PDF of list of member stores of Go To Eat in Chiba

data1(1).png

Extract only horizontal straight lines by Hough transform

houghline(1).png

program

import cv2
import numpy as np

import camelot

#Patch creation

def my_threshold(imagename, process_background=False, blocksize=15, c=-2):

    img = cv2.imread(imagename)
    gray = cv2.cvtColor(img, cv2.COLOR_BGR2GRAY)

    edges = cv2.Canny(gray, 50, 150, apertureSize=3)

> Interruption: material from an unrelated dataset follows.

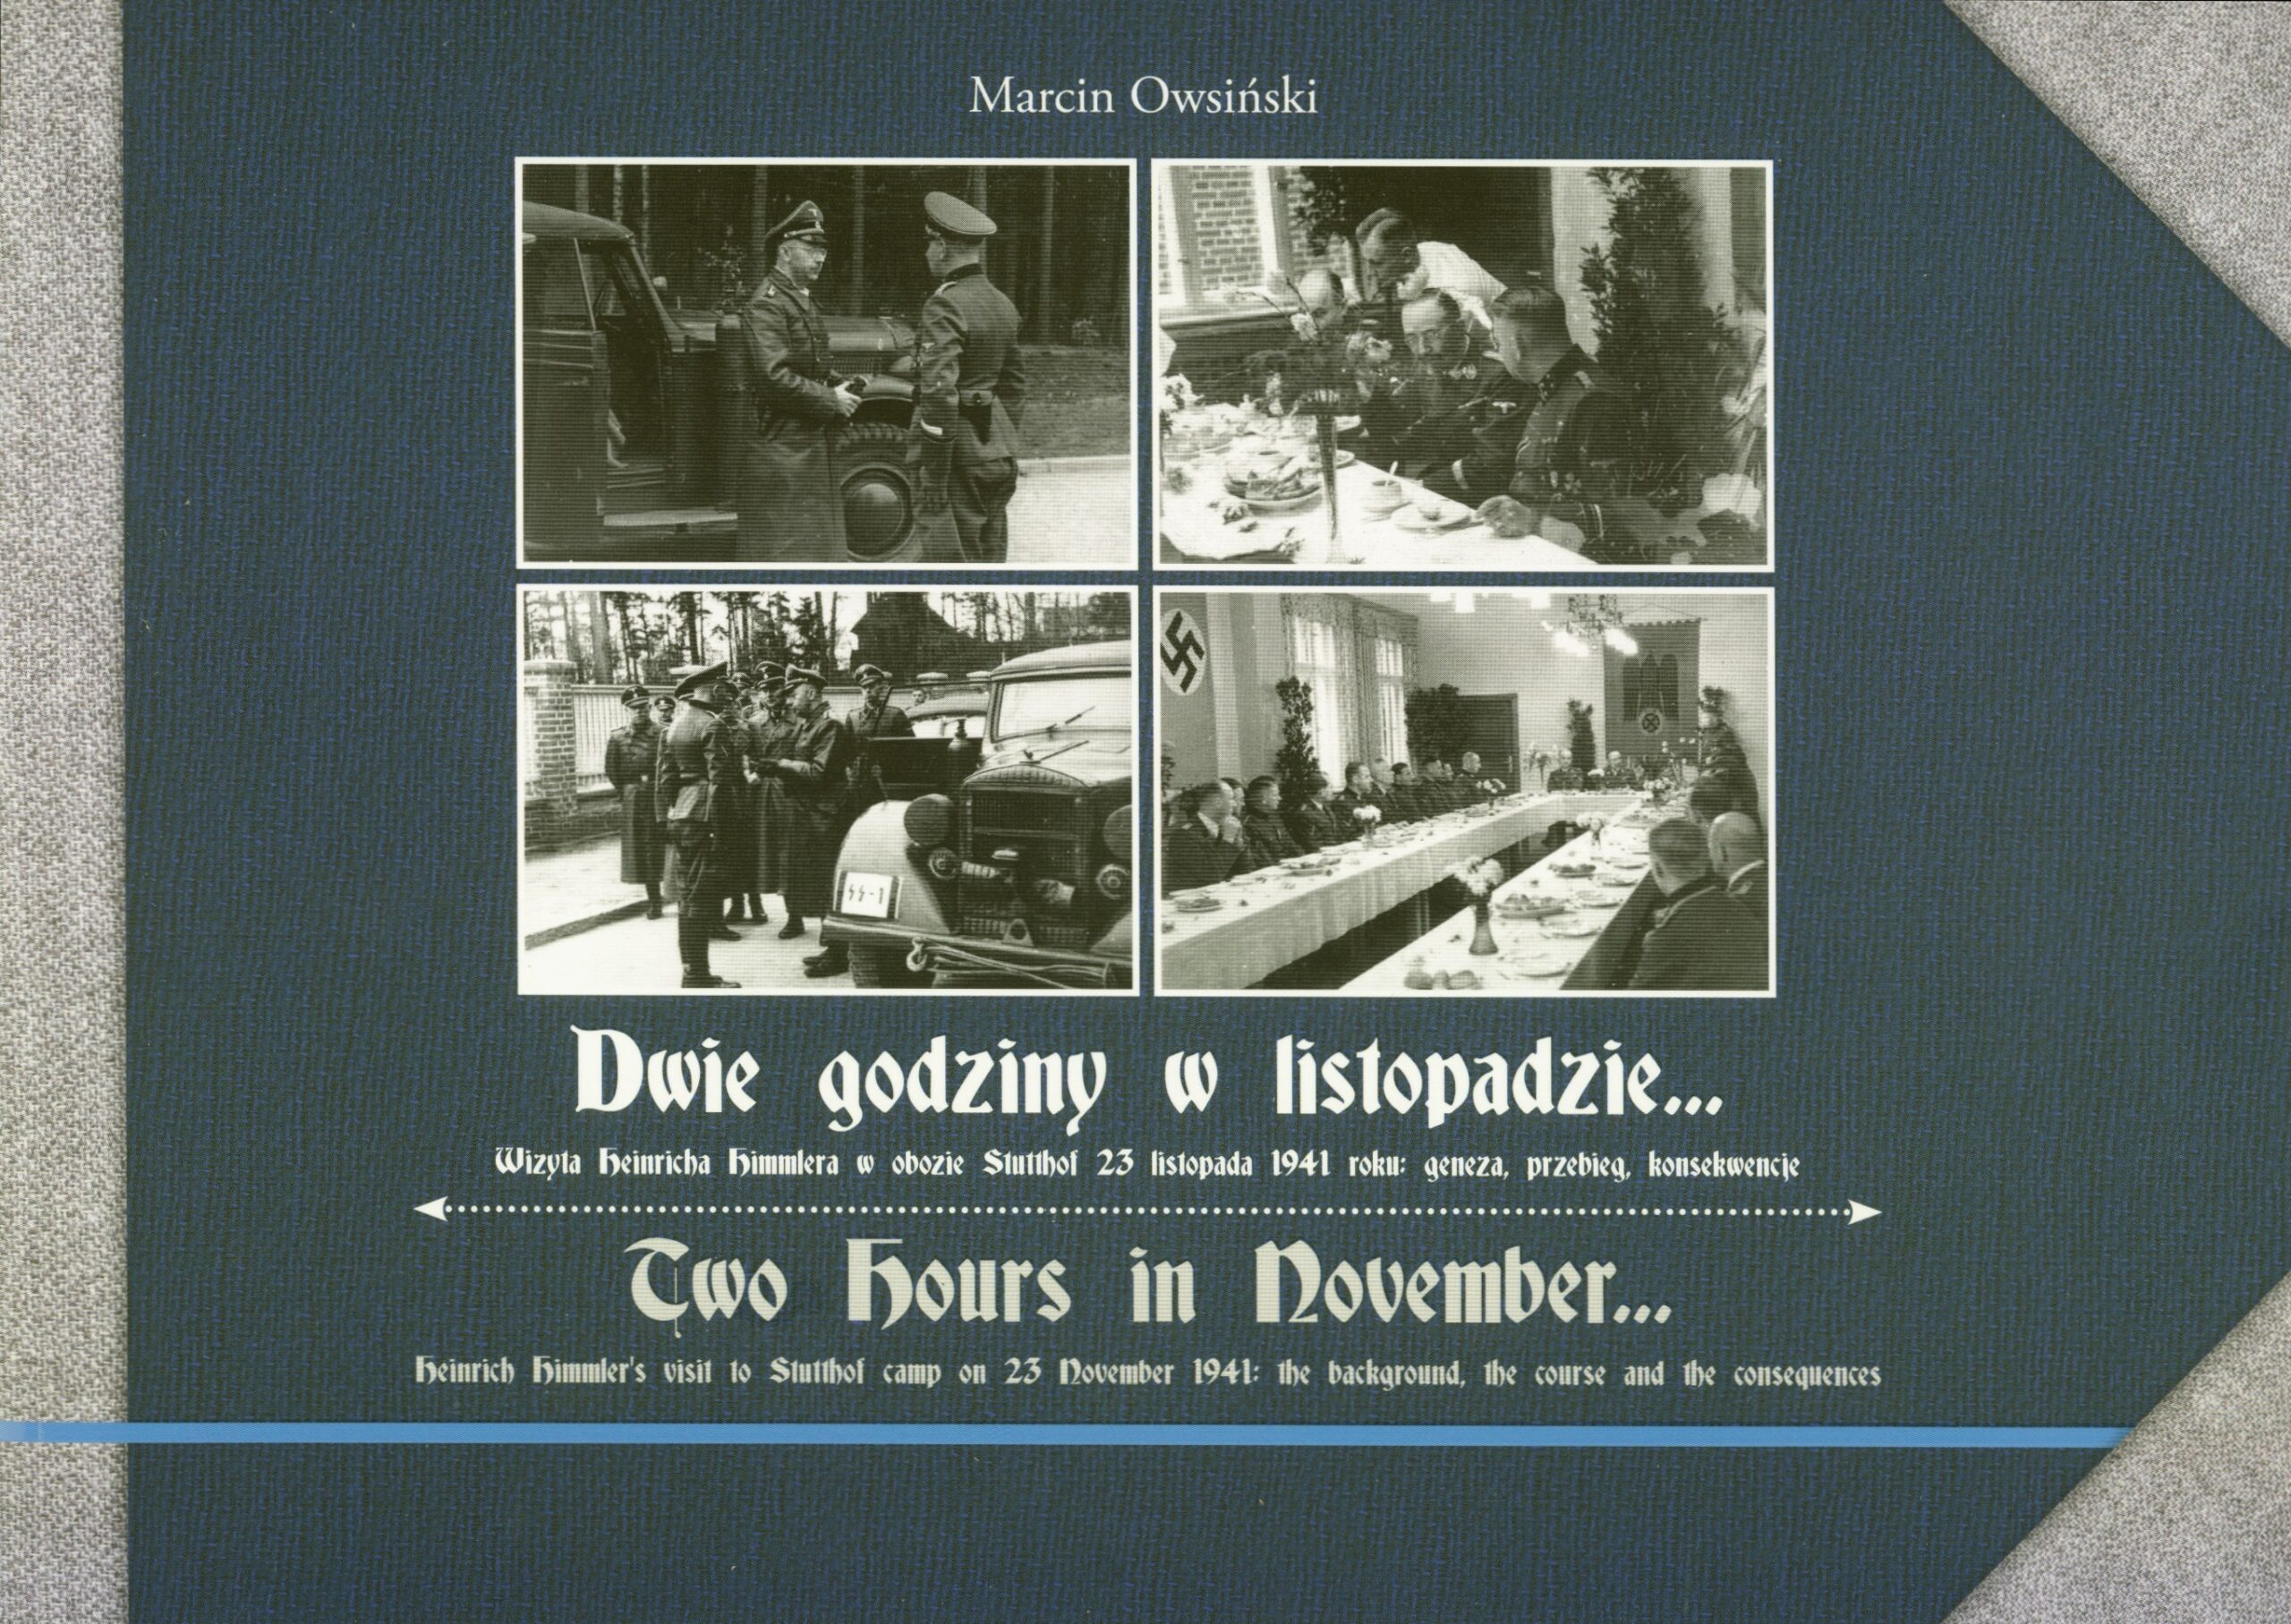 okładka Dwie godziny w listopadzie...  Wizyta Heinricha Himmlera w obozie Stutthof 23 listopada 1941 roku: geneza, przebieg, konsekwencje./ Two Hours in November... Heinrich Himmler's visit to Stutthof camp on 23 November 1941: the background, the course and the consequences.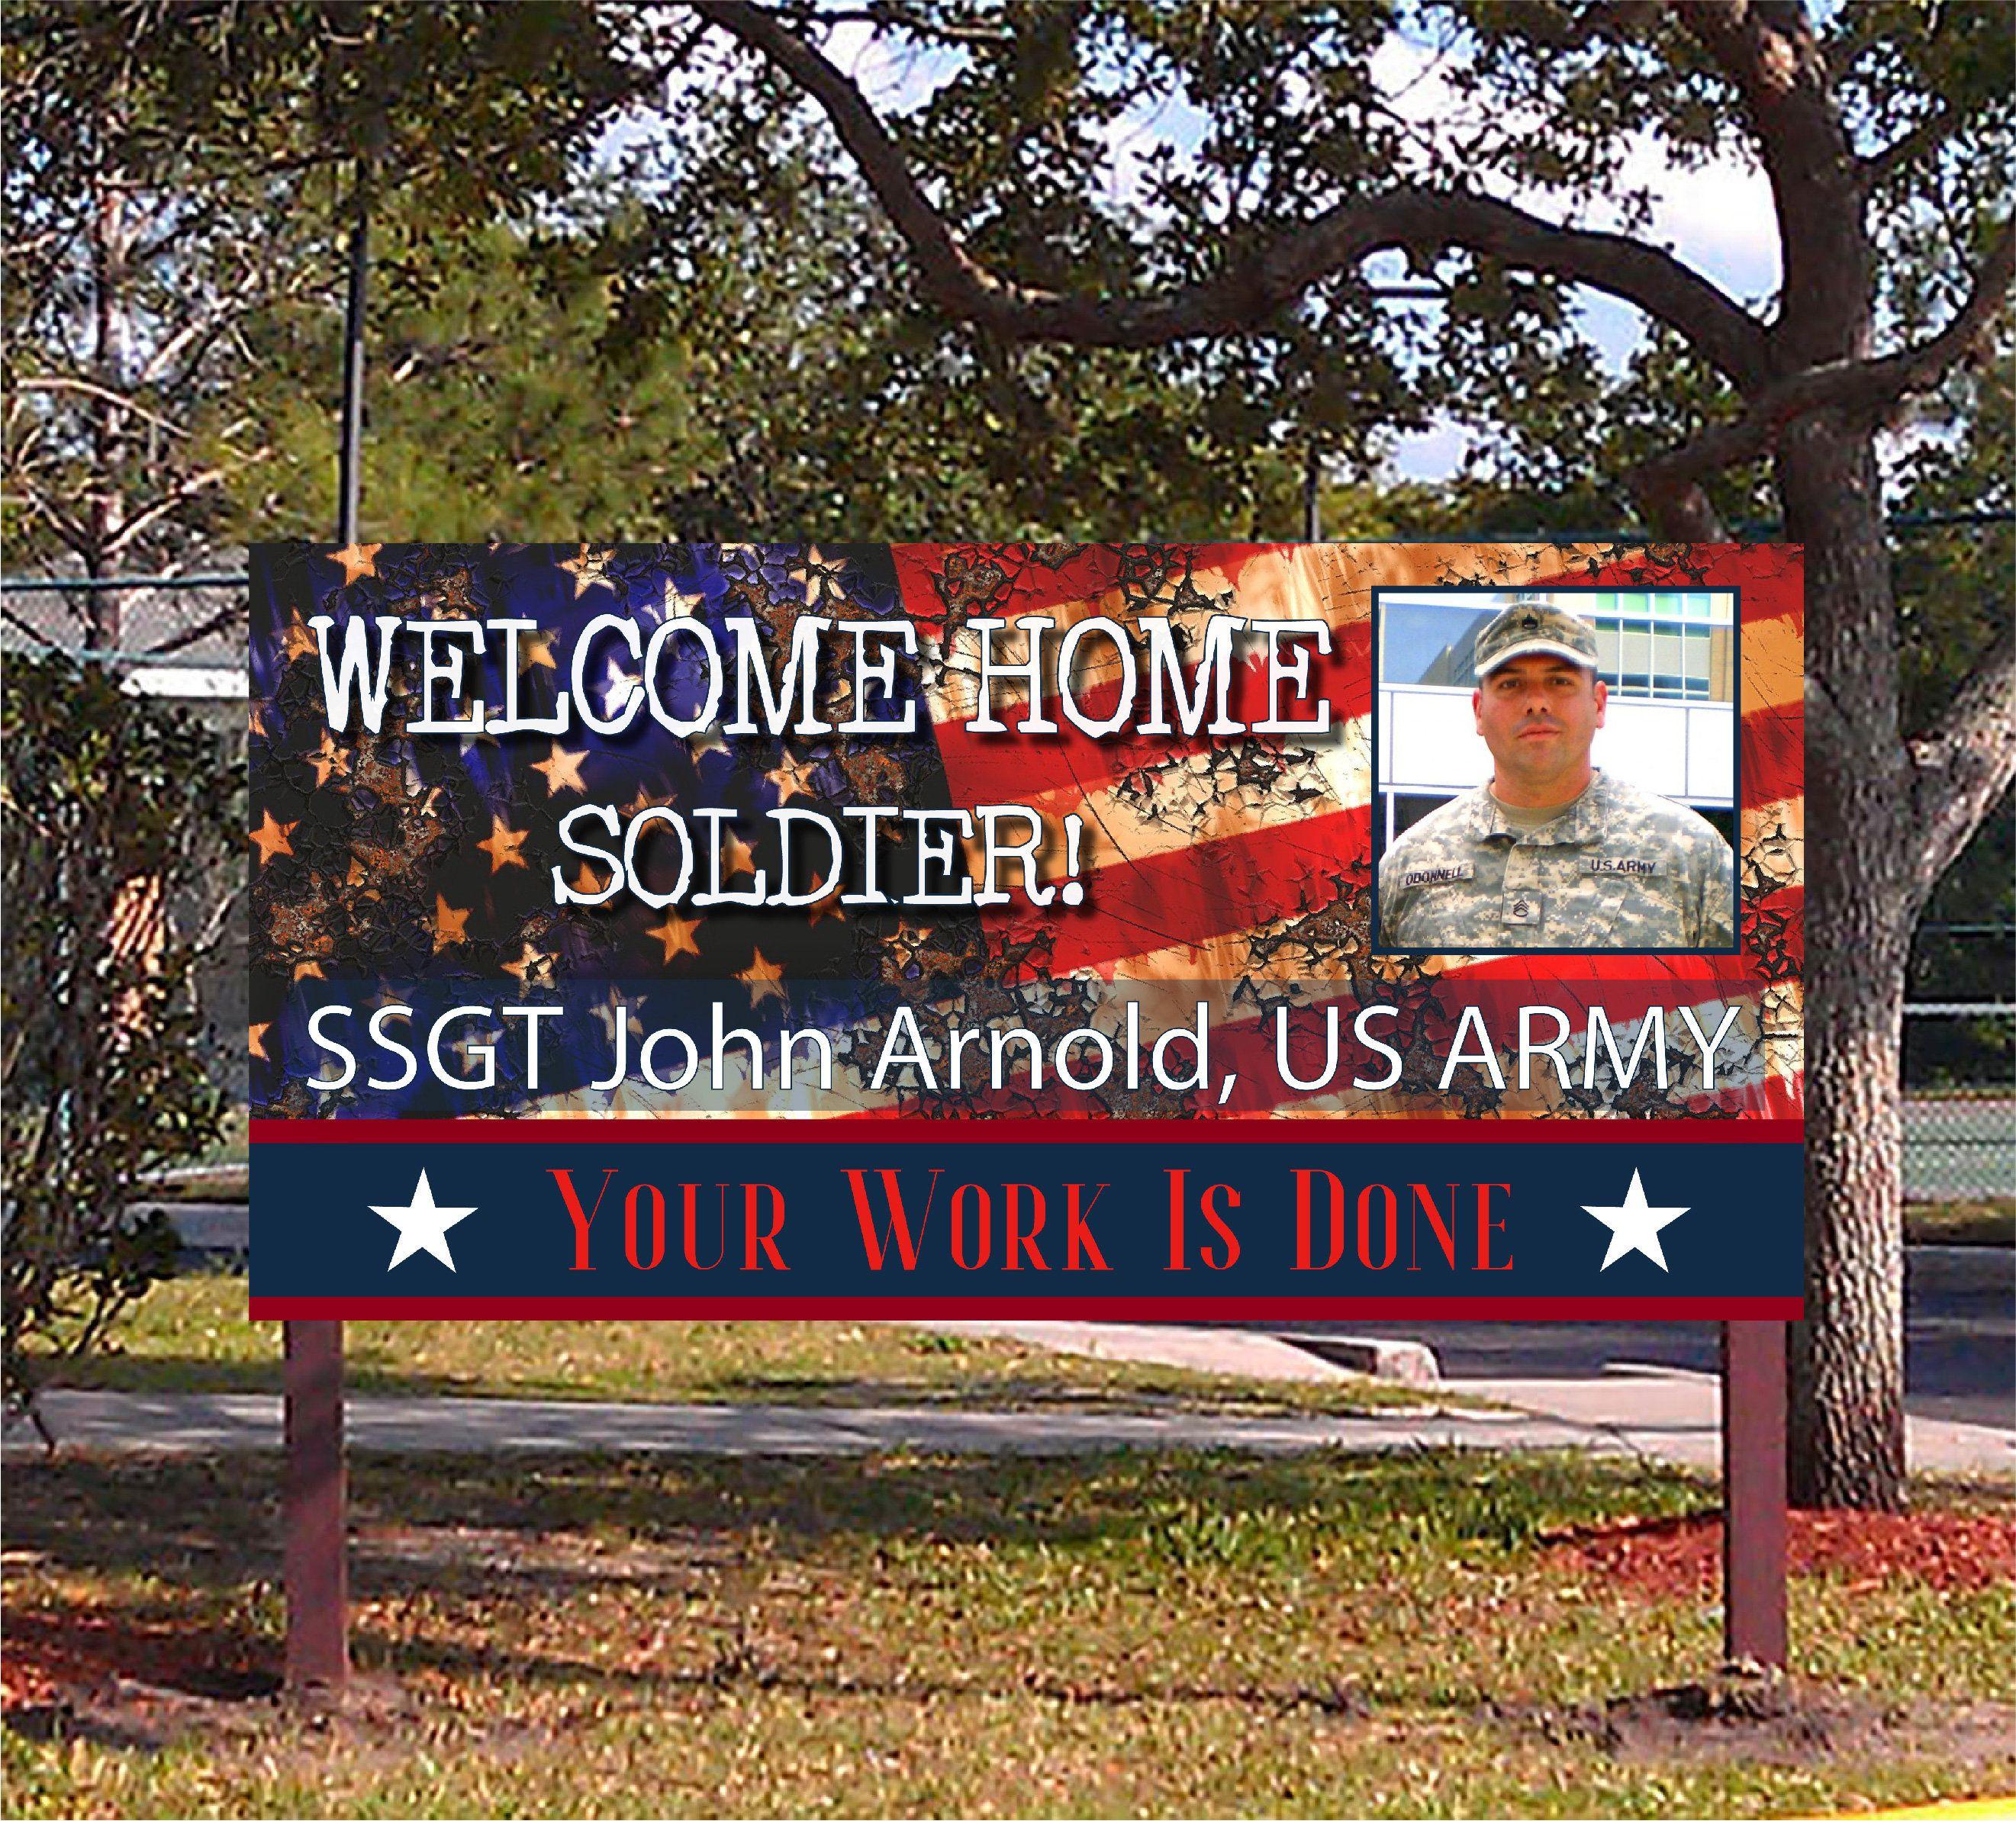 Custom military home printed hd banner sign

    lines = cv2.HoughLinesP(
        edges, rho=1, theta=np.pi / 180, threshold=80, minLineLength=3000, maxLineGap=50
    )

    for line in lines:
        x1, y1, x2, y2 = line[0]
        #Y1 if horizontal==y2, x1 for vertical==Filter by x2 if
        cv2.line(img, (x1, y1), (x2, y2), (0, 0, 0), 1) 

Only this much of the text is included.